LLM Ghostbusters: Surgical Hallucination Suppression via Adaptive Unlearning

Hallucinations, outputs that sound plausible but are factually incorrect, remain an open challenge for deployed LLMs. In code generation, models frequently hallucinate non-existent software packages, recommending imports and installation commands for fictional libraries. This creates a critical supply-chain vulnerability: an attacker can proactively register such packages on public registries with malicious payloads that are subsequently installed and executed by developers or autonomous agents, a class of package confusion attack known as slopsquatting. Once a model is deployed, mitigating this failure mode is difficult: full retraining is costly, and existing approaches either cause severe degradation of model utility or rely on a pre-specified forget-set, an assumption that does not apply to the unbounded space of hallucinations.
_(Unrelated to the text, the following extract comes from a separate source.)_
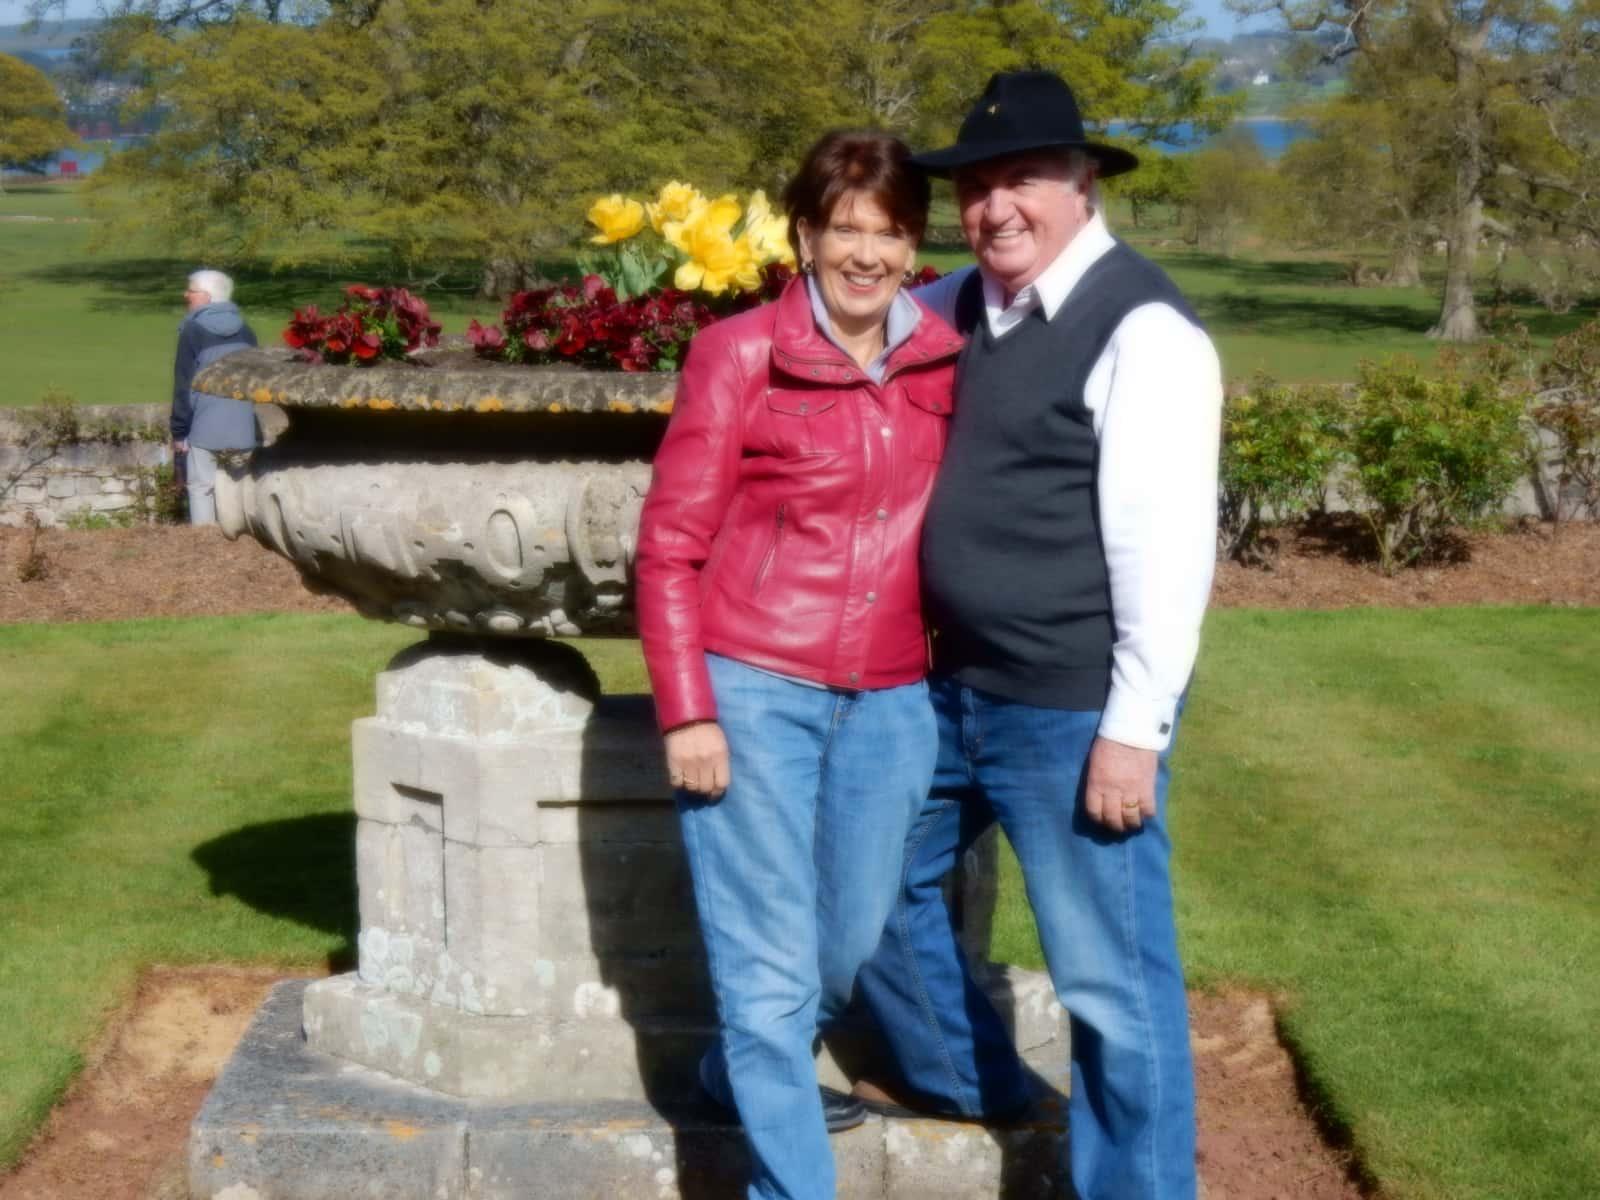 Barbara and gordon & Gordon from Sydney, New South Wales, Australia

To address this problem, we present Adaptive Unlearning (AU), a post-deployment framework that surgically suppresses hallucinations while preserving general model utility. AU introduces a hybrid token-level objective that simultaneously reinforces valid outputs and suppresses hallucinated ones. Combined with an adaptive discovery loop that continuously surfaces new hallucination-inducing contexts without human supervision, AU enables generalization to unseen prompts and hallucinations. We demonstrate that AU reduces package hallucination rates by 81%, corresponding to a substantial reduction in slopsquatting attack surface, while maintaining performance on standard coding benchmarks. Our analysis shows that distributional changes are concentrated on package-related generations, leaving general coding behavior largely unaffected and confirming that AU's effect is isolated to the targeted distribution. AU operates entirely on model-generated data, requires no human annotation, and generalizes across domains.

翻译：幻觉（即看似合理但事实错误的输出）仍是已部署大语言模型面临的主要挑战。在代码生成任务中，模型常虚构不存在的软件包，推荐虚构库的导入命令与安装指令。这引发了严重的供应链漏洞：攻击者可通过在公共软件仓库预先注册此类虚拟包并植入恶意载荷，诱使开发者或自主代理执行安装——此类包混淆攻击被称为"软件包冒名攻击"。模型部署后，缓解该故障模式十分困难：完全重训练成本高昂，现有方法要么导致模型效用严重退化，要么依赖预设的遗忘集合（该假设不适用于无界幻觉空间）。针对此问题，我们提出自适应忘却（AU）框架——一种能在保持模型通用效用前提下手术式抑制幻觉的部署后方案。AU引入混合令牌级优化目标，同步增强有效输出并压制幻觉输出。结合无需人工监督的自适应发现循环（持续发掘新型幻觉诱导上下文），AU可泛化至未见提示与幻觉场景。实验表明，AU将软件包幻觉率降低81%，显著缩减软件包冒名攻击攻击面，同时保持标准编程基准性能。分析显示，模型分布变化集中于软件包相关生成，通用编码行为基本不受影响，证实AU的效果被精准隔离至目标分布。AU全程基于模型生成数据，无需人工标注，且跨领域泛化。